The point of rehabilitation is not to determine impairment, but to identify the potential ability of a disabled person to return, as far as possible, to society and realize his or her maximum potential. limited abilities so as not to become an eternal burden on society and an outcast.

The Law “On Social Services for Elderly Citizens and Disabled Persons” sets out the basic principles of social services for persons with disabilities: respect for human and civil rights; provision of state guarantees in the field of social services; equal opportunities to receive social services; continuity of all types of social services; focusing social services on the individual needs of people with disabilities; responsibility of authorities at all levels for ensuring the rights of citizens in need of social services, etc. (Article 3 of the law).

The problem of professional rehabilitation of disabled people is considered separately and, due to its significance, is allocated to a special section, vocational rehabilitation. In a broad sense, the problem of social and environmental rehabilitation and integration of disabled people into society cannot be considered solved without the return or inclusion of the disabled person in feasible work.
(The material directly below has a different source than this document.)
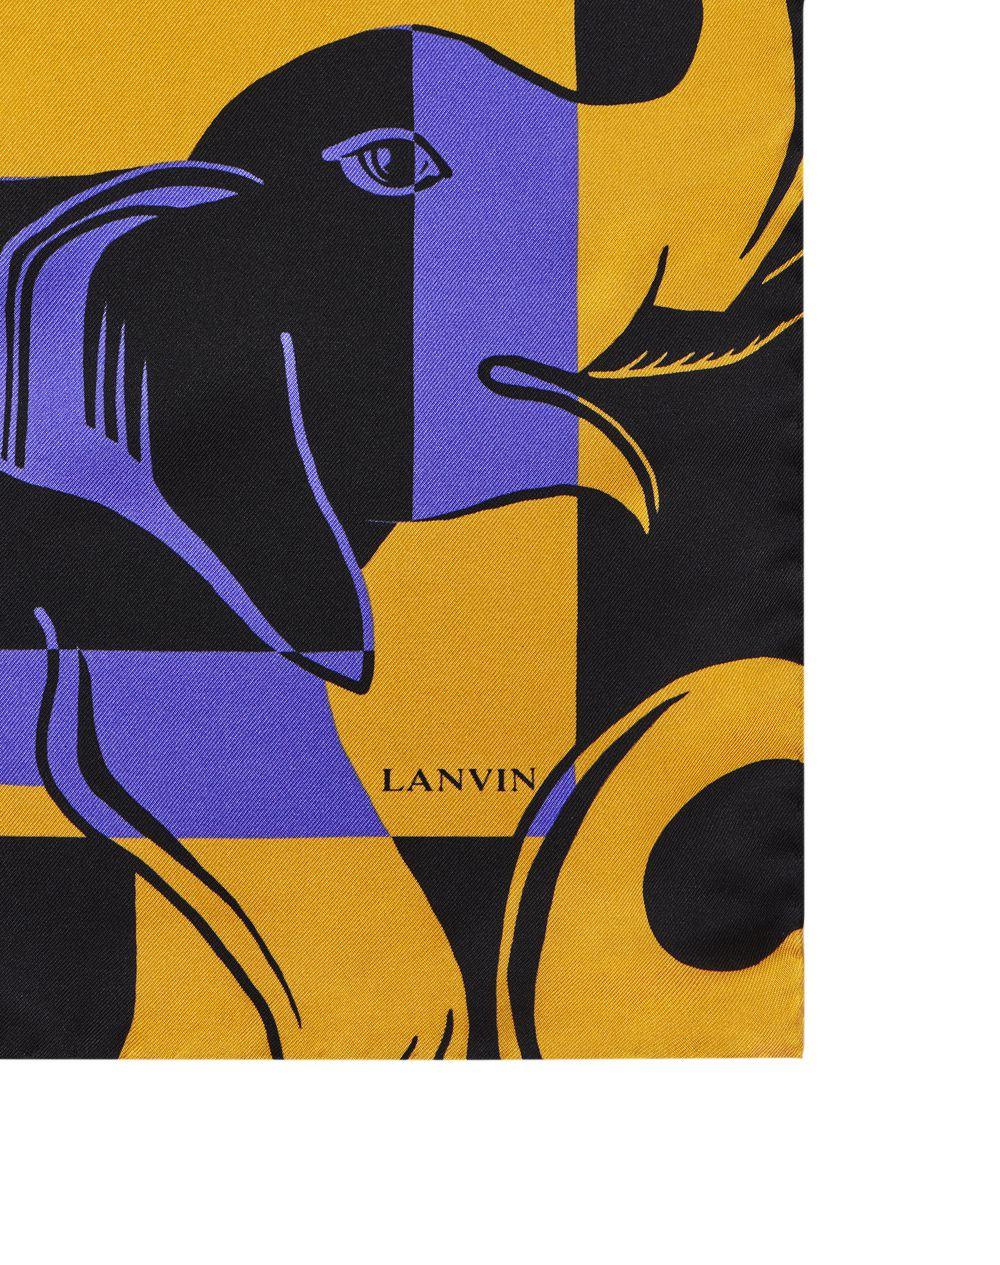 ELEPHANT-PRINT SILK SCARF  - Lanvin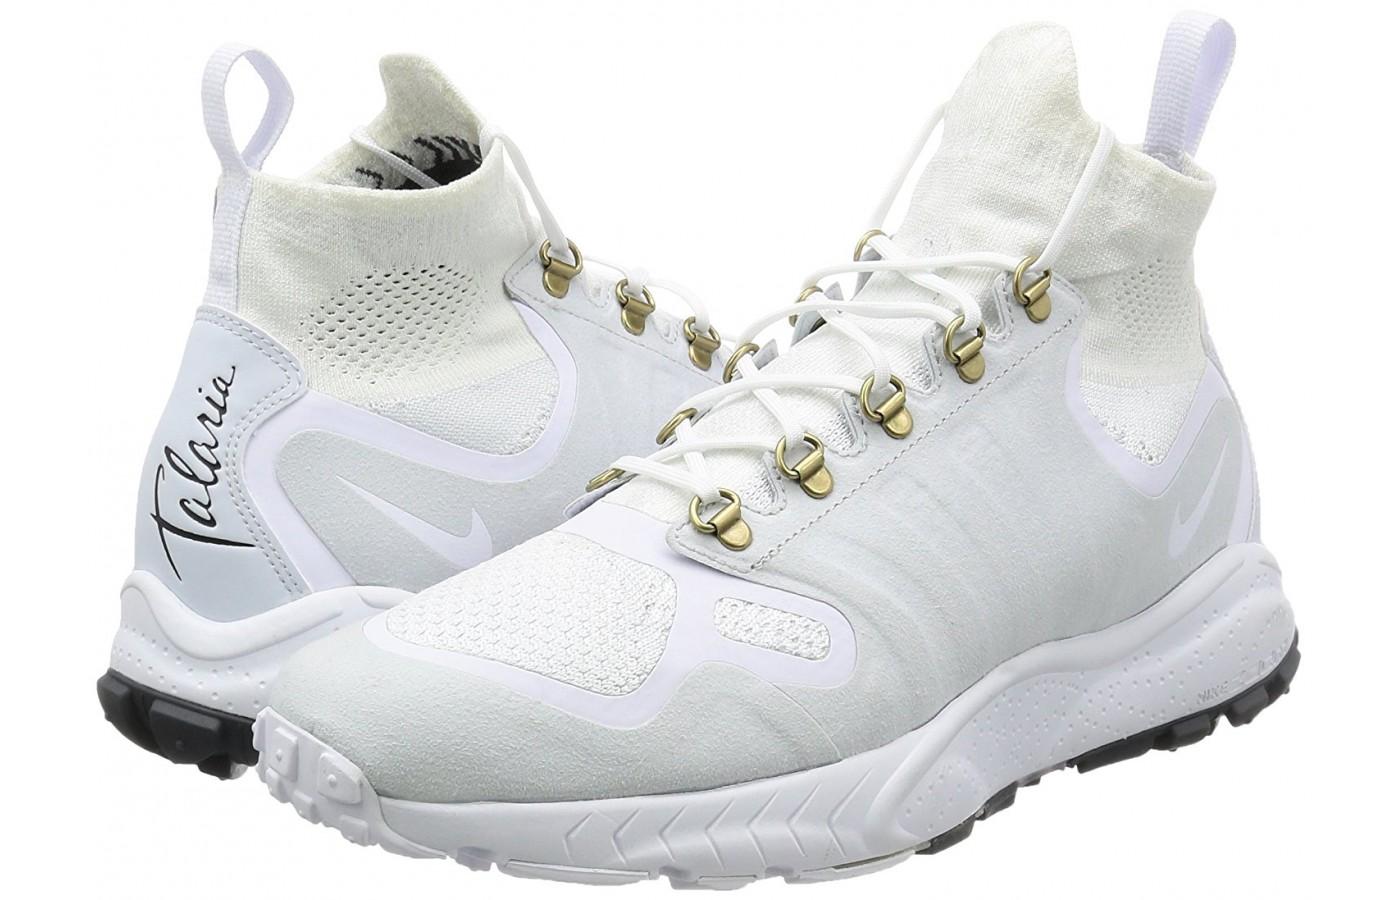 Nike Zoom Talaria Flyknit Pair

The objectives of social rehabilitation include: Promoting the social and everyday adaptation of the client with his subsequent inclusion in the surrounding life. Providing assistance in determining life prospects and choosing ways to achieve them. Development of communication skills.

Social and everyday adaptation Social and everyday adaptation is facilitated by the creation of the necessary conditions for the independent existence of a disabled person. The living environment for a disabled person is of enormous importance, since in it he spends most, if not all, of his life. Social and living conditions constitute an important component of social and living rehabilitation, reflecting the state of providing a disabled person with basic comfort in residential and auxiliary premises. Providing a comfortable and safe living environment is currently receiving special attention from government agencies. Legislation for disabled people provides for an increase in sanitary standards for living space and its architectural and planning changes.

It is also important to train and educate family members of a disabled person on various issues: the nature of the disease that a disabled person has, emerging limitations in life, associated socio-psychological and physiological problems, types and forms of social assistance for disabled people, types of technical means of rehabilitation and features of their operation . Relatives and persons providing assistance to a disabled person must be trained to use technical means, especially those designed to facilitate the care of a disabled person.

Rehabilitation of disabled people with hearing impairment Disabled people with severe hearing pathology experience certain difficulties in learning. Special methods are required due to the impossibility of receiving and reproducing information due to the pathology of communicative functions. For this category of disabled people there are special schools for the deaf and hard of hearing. The earlier training begins, the greater the likelihood of speech development. There are simulators for the development of auditory, auditory-vibrotactile perception, and equipment is used for collective and individual training.

Rehabilitation of disabled people with visual impairments Social, everyday and social-environmental rehabilitation of disabled people with visual impairments is provided by a system of landmarks - tactile, auditory and visual, which contribute to the safety of movement and orientation in space. Tactile references: guide rails, raised markings on handrails, tables with raised inscriptions or Braille, raised floor plans, buildings, etc.; variable type of floor covering in front of obstacles. Auditory landmarks: sound beacons at entrances, radio broadcasts.

CONCLUSION Social rehabilitation of an individual is a complex process of its interaction with the social environment, as a result of which the qualities of a person are formed as a true subject of social relations. One of the main goals of social rehabilitation is adaptation, adaptation of a person to social reality, which serves, perhaps, as the most possible condition for the normal functioning of society.